GIVEN DATA:
#####

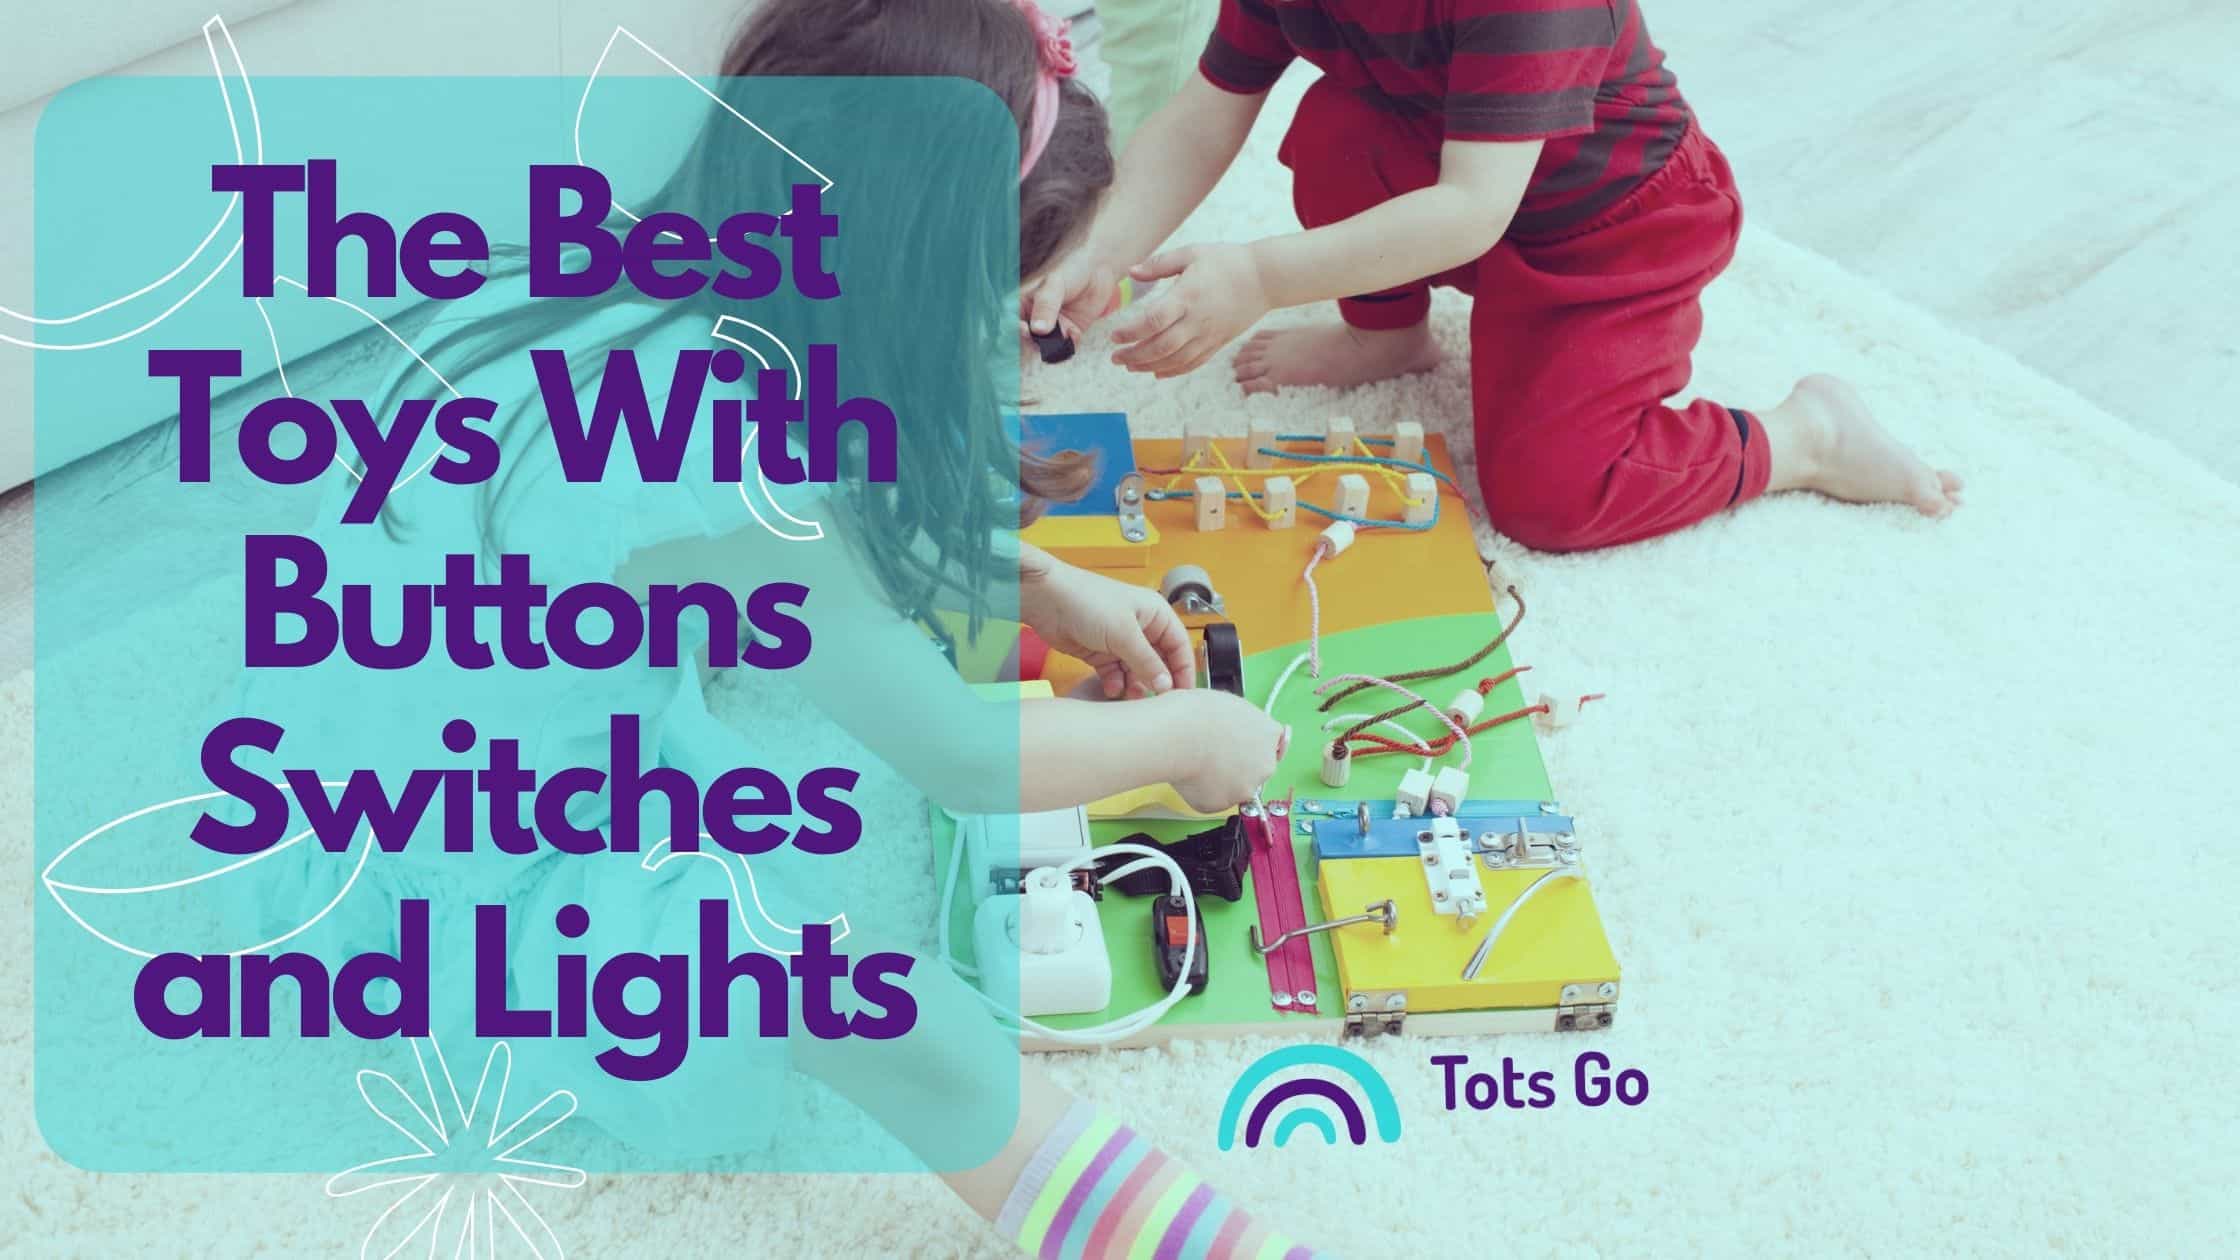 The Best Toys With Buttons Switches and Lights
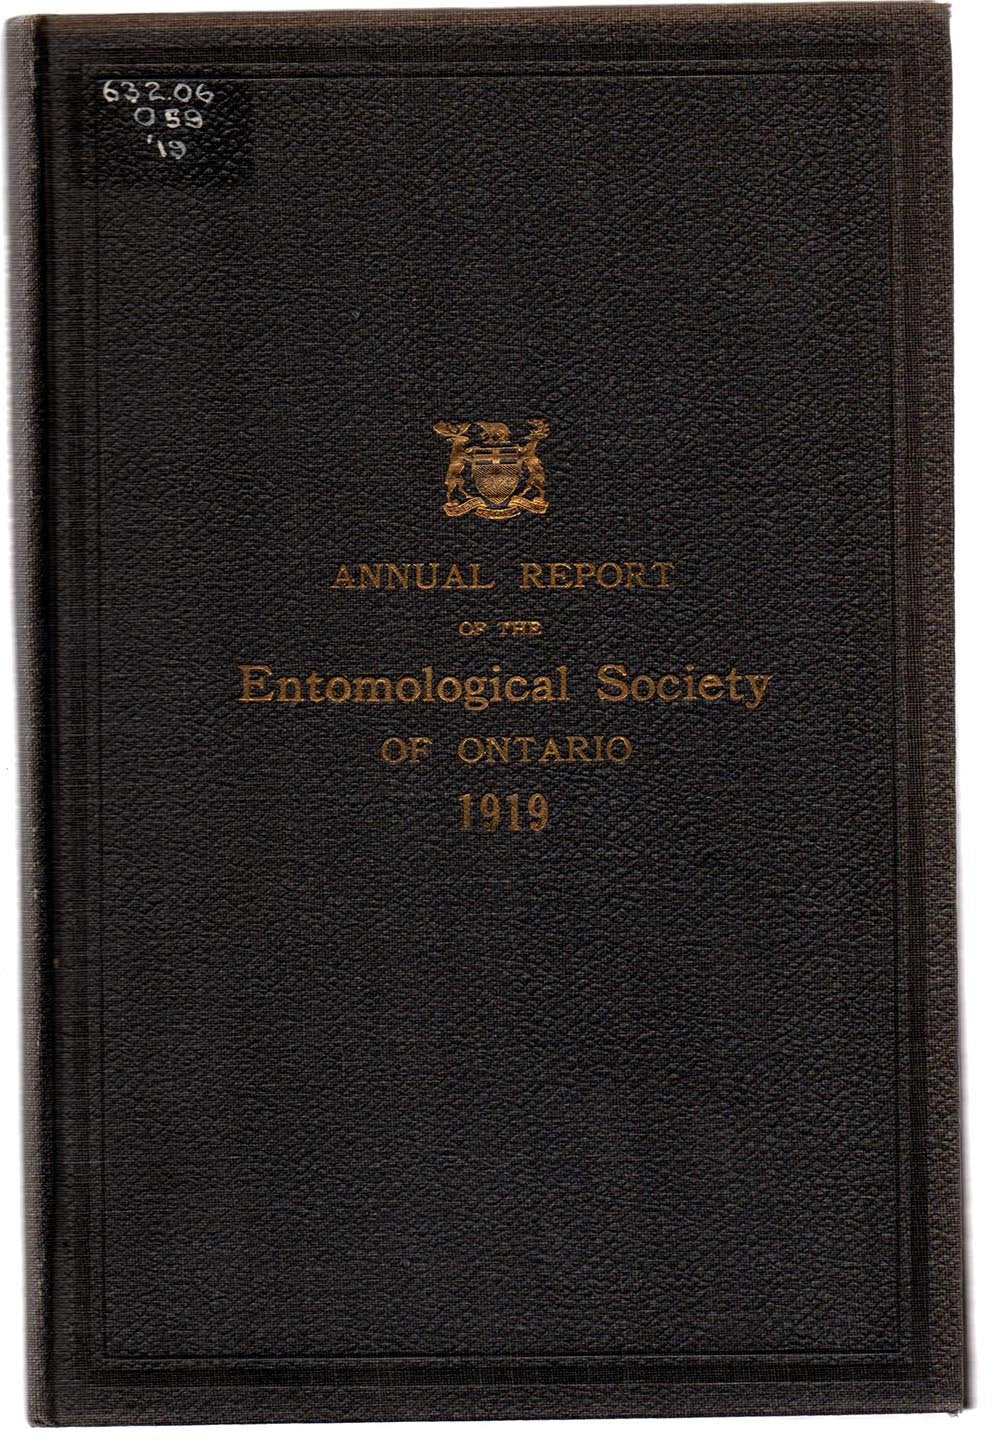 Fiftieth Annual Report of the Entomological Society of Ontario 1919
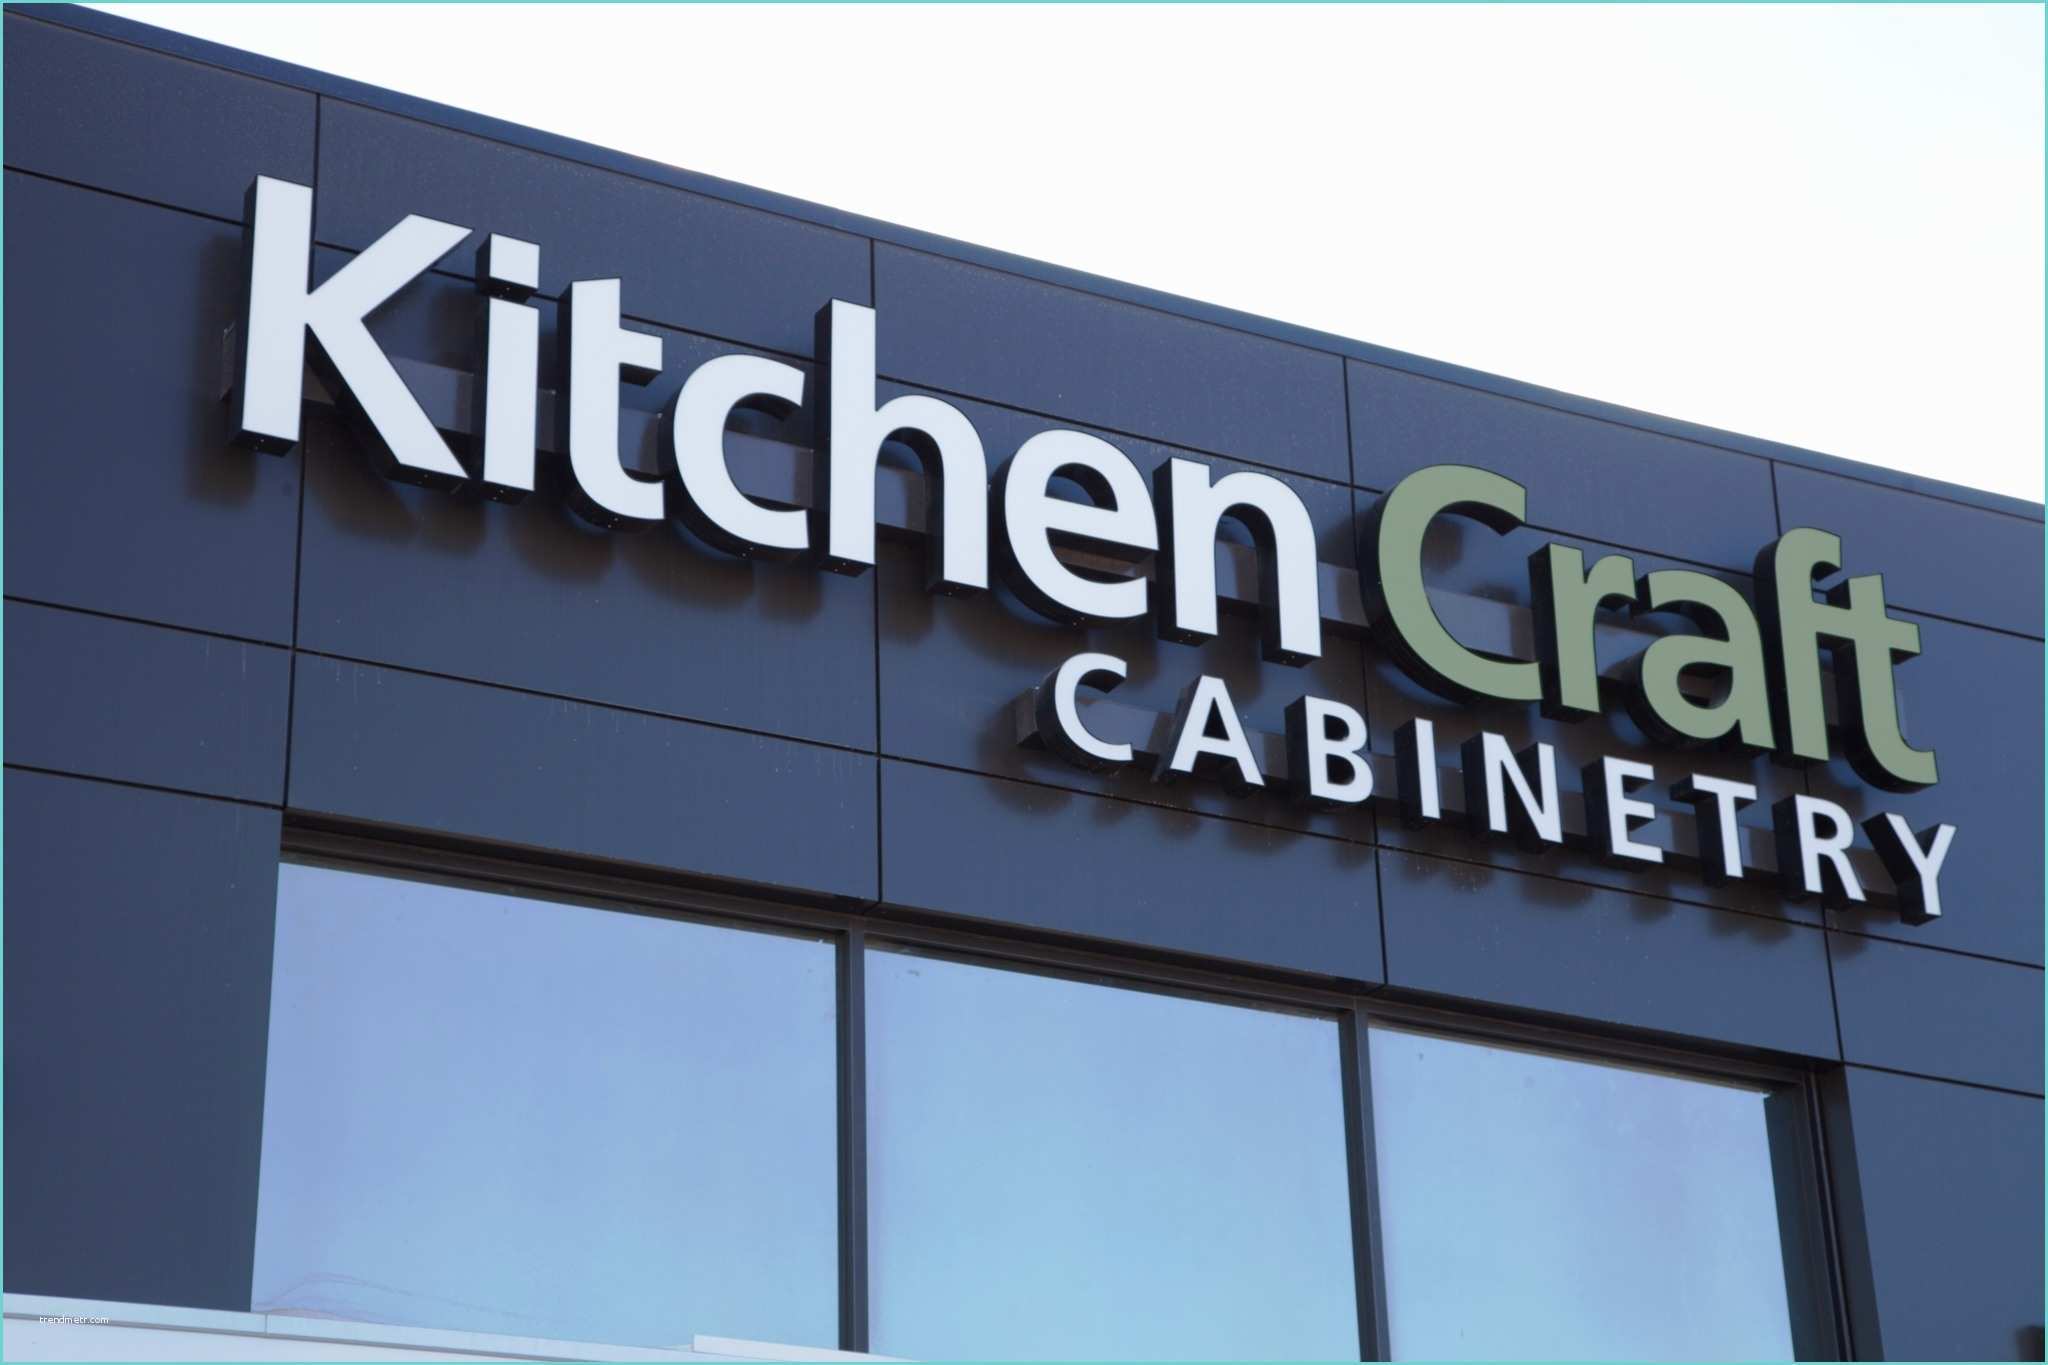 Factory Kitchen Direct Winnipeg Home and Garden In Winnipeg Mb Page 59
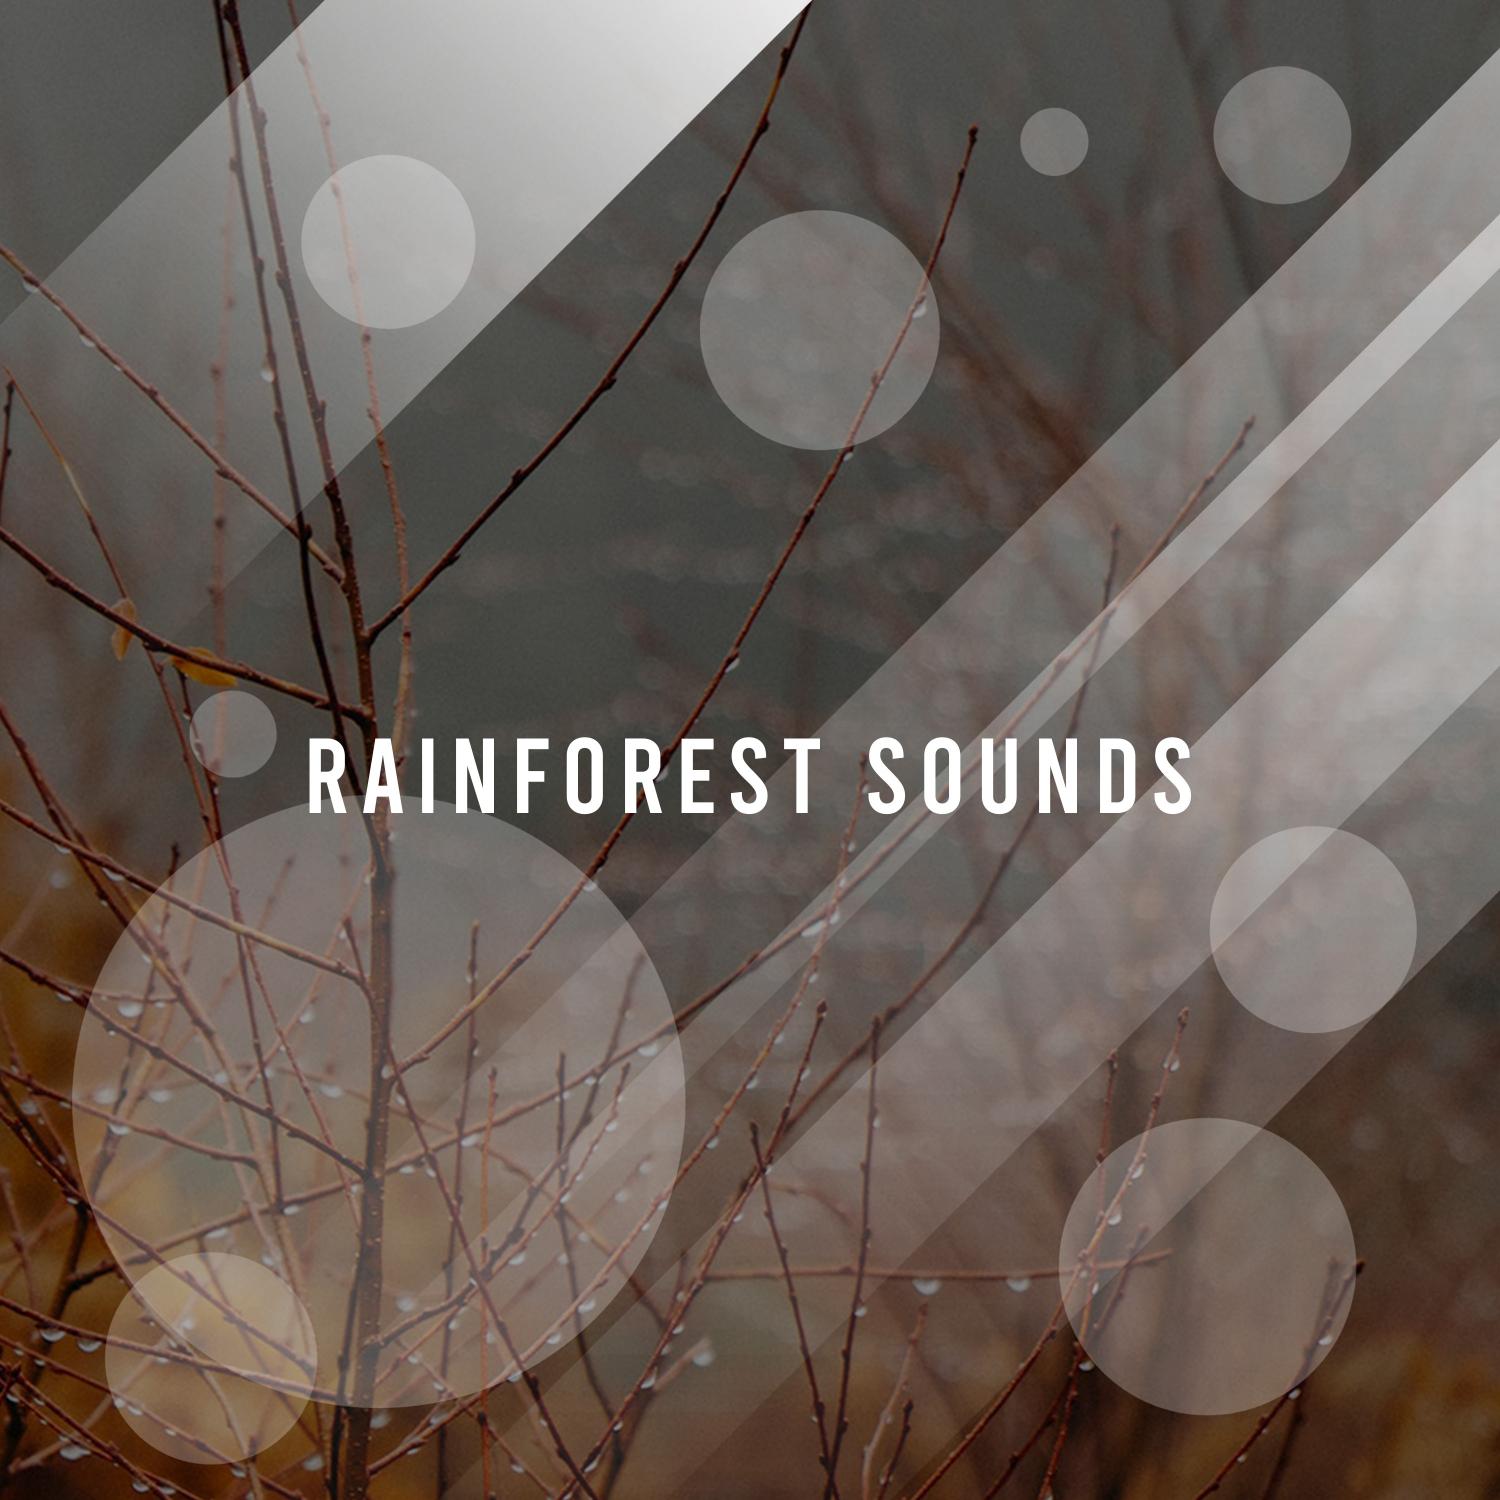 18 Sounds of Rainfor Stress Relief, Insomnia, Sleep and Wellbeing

#####

WORK REQUEST:
Send back the data above word for word, with the pictures left out.

RESPONSE FOR THIS EXERCISE:
 The Best Toys With Buttons Switches and Lights
 Fiftieth Annual Report of the Entomological Society of Ontario 1919
 Factory Kitchen Direct Winnipeg Home and Garden In Winnipeg Mb Page 59
 18 Sounds of Rainfor Stress Relief, Insomnia, Sleep and Wellbeing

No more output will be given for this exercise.